Gaëlle Bruneteau et al. Brain (2013) 136 (8): 2359-2368.doi: 10.1093/brain/awt164
Submitted by Zaeem Siddiqi, MD, PhD, NSE Board
The typical course of amyotrophic lateral sclerosis (ALS) is rapidly progressive usually leading to death in 3 to 5 years due to muscle paralysis and respiratory failure. In some patients though the course is protracted with prolonged survival, sometimes for decades. The etiology and factors associated with this variable disease course are unclear.
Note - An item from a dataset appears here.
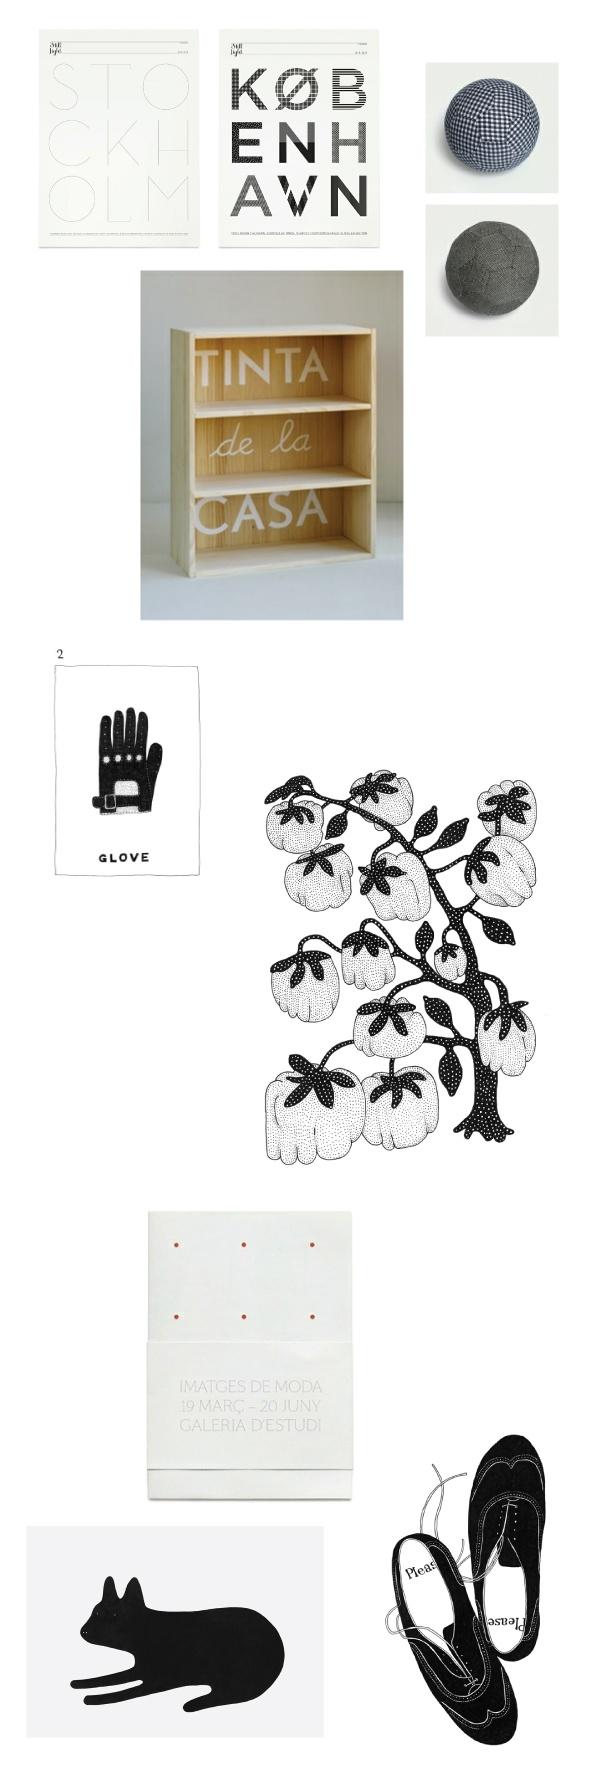 klas ernflo.: Shelf Ideas, Furniture Ideas

In the transgenic mouse model of ALS the muscle histone deacetylase 4 (HDA) and its regulator microRNA-2m06 play an important role in compensatory collateral reinnervation and that can modify disease progression. Bruneteau et al. assessed the role of HDA expression in a cohort comprising of 11 patients with ALS, which included five long-term survivors. Using high-resolution confocal imaging the investigators studied muscle reinnervation of neuromuscular junctions (NMJ) and showed that the proportion of reinnervated NMJ was significantly higher in the long-term survivors than those having a rapid disease course. The HDA gene expression was significantly more in patients with rapidly progressive disease and was negatively correlated with the extent of muscle reinnervation and functional outcome. The regulator of HDA i.e. microRNA-206, was upregulated in both groups, but did not correlate with disease progression or reinnervation. The study concluded that expression of HDA in the affected muscles in ALS patients appears to have a key deleterious affect in muscle reinnervation and is associated with rapid disease progression.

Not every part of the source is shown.